Массюб жил теперь совсем один в своей серой комнатке, не выходя из нее, можно сказать, замкнувшись в своем страхе и стараясь нацепить на него маску отвращения. Большинство больных брали болезнь лаской, старались приручить ее, сбить с толку своим терпением, покорностью. Но Массюб никогда не принадлежал к числу тех, кто умеет противопоставить событиям то терпение и ту покорность, что делают разящую судьбу несправедливой, и которые, подобно ритуальной одежде, словно тихо готовят к смерти. С ужасающей логикой он все так же оберегал себя от чужой жалости цинизмом и насмехался над своей бедой, как смеялся над напастями других. Как он ругал снег, так он ругал и смерть, словно и она сыпалась на него сквозь дырявый зонт. Он противопоставлял всем попыткам участия силу отрицания, которая, не давая себя подтачивать, иногда начинала мрачно бушевать, и под которой он яростно скрывал то, что скорее всего могло вызвать к нему уважение. Но он не соизволял выказать ничего из того, что могло бы заставить его полюбить, и отталкивал с насмешливым видом любые побуждения к дружбе, словно ему было безразлично, знают ли все эти люди, чье презрение к себе он чувствовал, правду о нем или нет. Поддерживать их в неведении, в ослеплении, даже в несправедливости к нему — в конечном счете, это еще могло быть и местью.
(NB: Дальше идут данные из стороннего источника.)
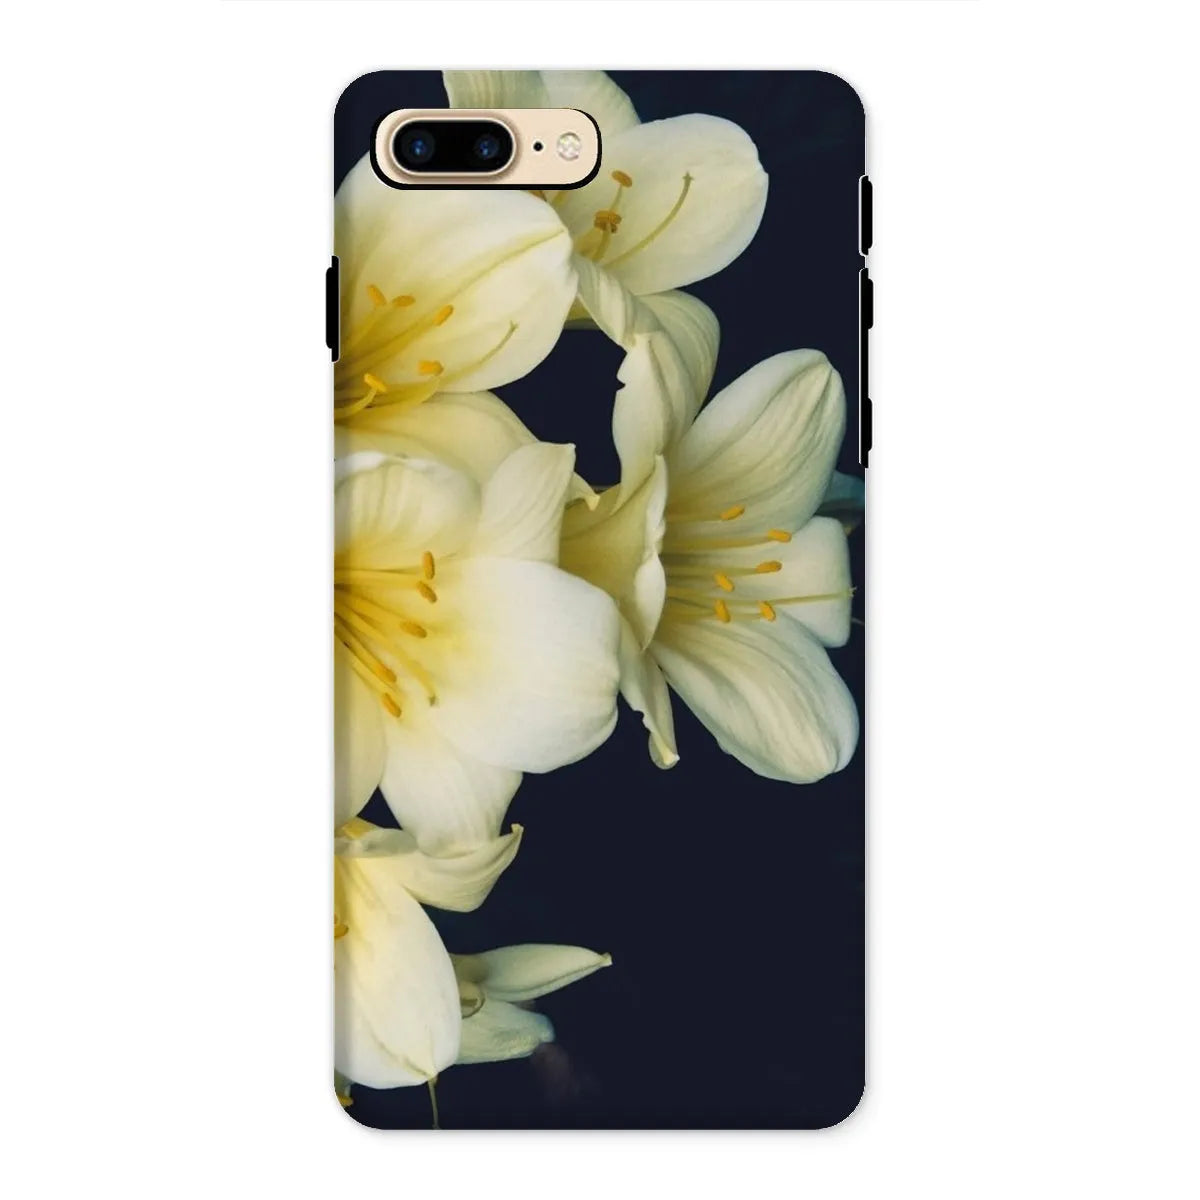 Flower Power Too Tough Phone Case - Iphone 8 Plus / Matte - Mobile Phone Cases - Aesthetic Art
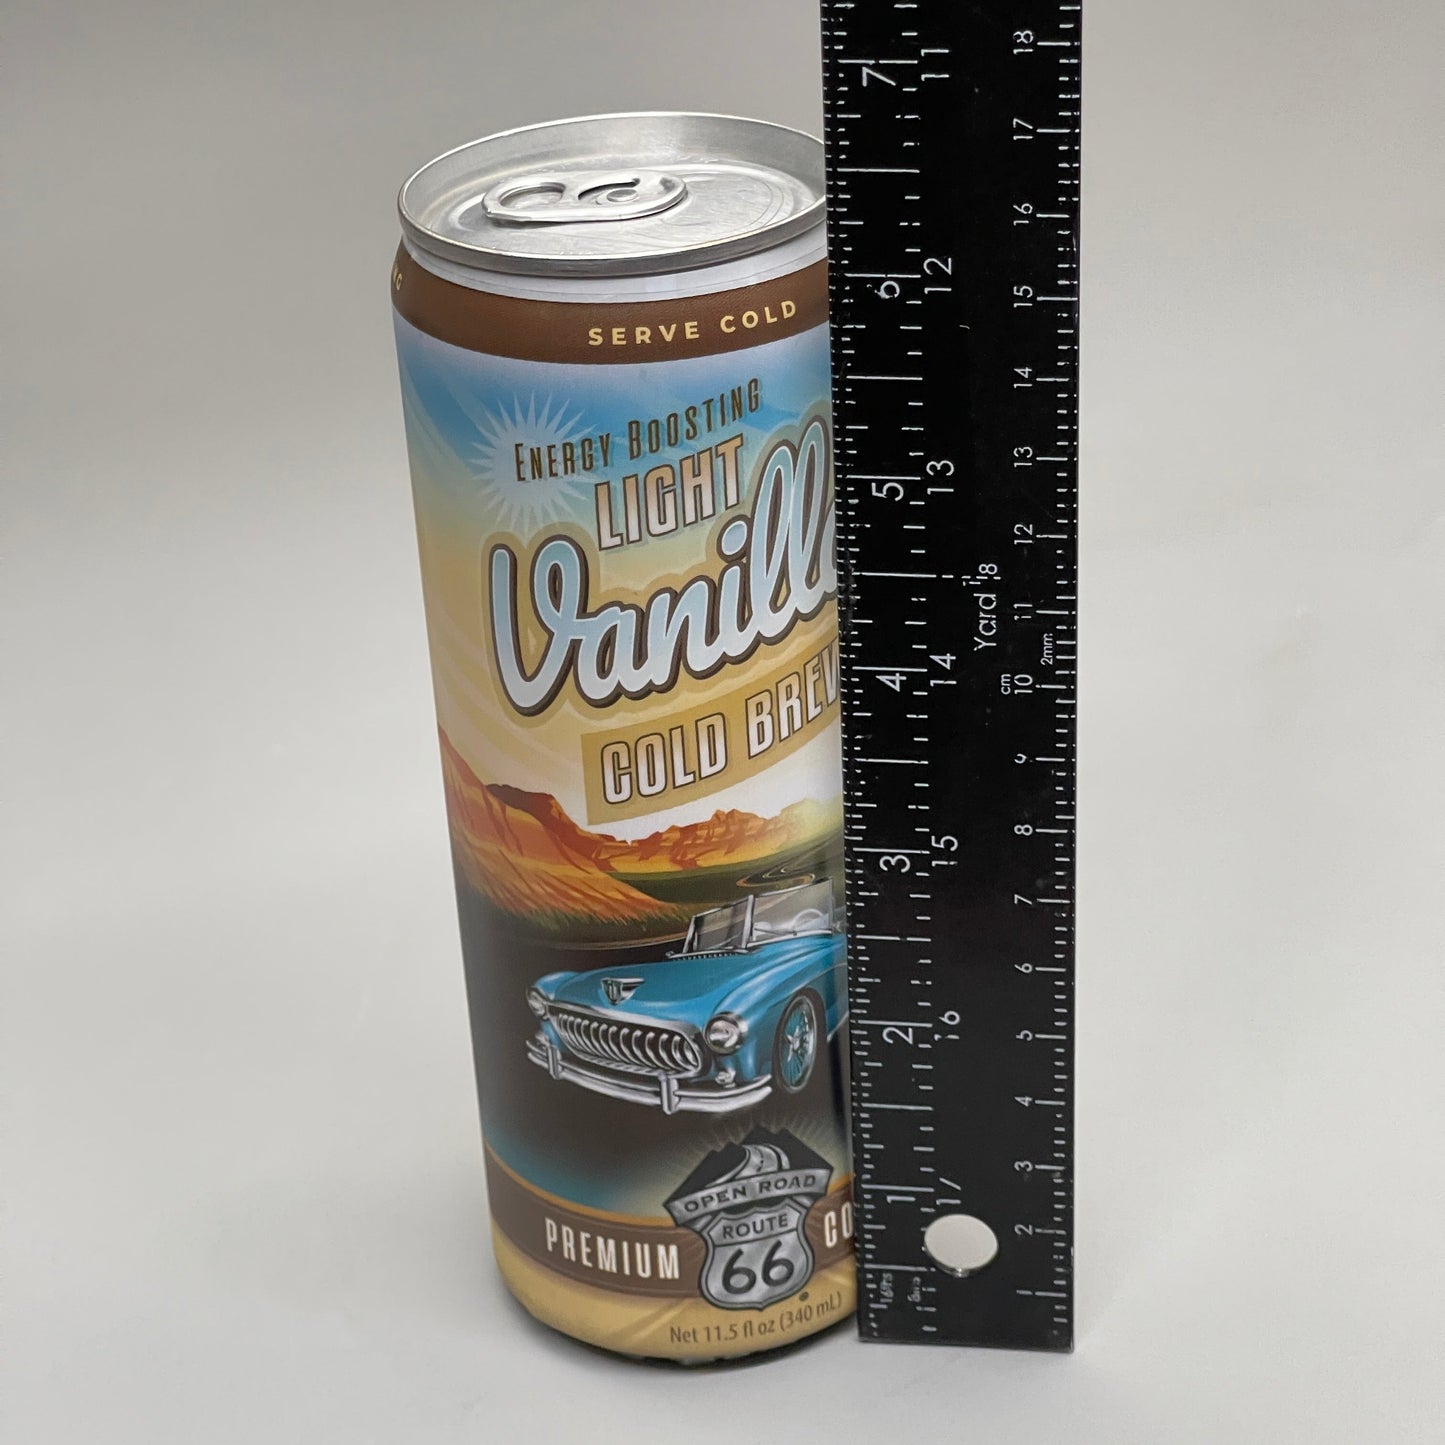 ZA@ 60 CANS! OPEN ROAD ROUTE 66 Energy Boosting Light Vanilla Cold Brew Drink 11.5 fl oz (06/24) Premium Coffee C

Поскольку состояние Массюба внезапно ухудшилось, врачи нарочито потеряли к нему интерес, и смерть его была в руках сестры Сен-Гилэр, которая, как хорошая хозяйка, уже подумывала о дезинфекции. По стечению обстоятельств, которое, возможно, и было простым совпадением, но повторялось почти каждый раз, как в Доме появлялся умирающий или оперируемый, доктор стал более сухо принимать больных и поговаривать о научной командировке в Швейцарию… Симон, наверное, один не верил в смерть Массюба. Он не верил, что умирающий Массюб упорствовал бы в сокрытии своей тайны, как это делал бы человек, уверенный в том, что выживет. Он говорил себе, что Массюб не может уйти вот так, прежде, чем увидит Праздник, прежде, чем услышит Пондоржа, как изгой, как если бы он не принадлежал к Обрыву Арменаз; он говорил себе, что Обрыв Арменаз, эта душа, присутствующая во всех его членах, должна была удержать его; он наивно подходил к нему с человеческой меркой, пытаясь вписать его, хотя бы раз, пусть только чтобы успокоиться, в привычный мир, знакомую главу, не видя, что таким образом совершает ошибку, за которую столько корил остальных.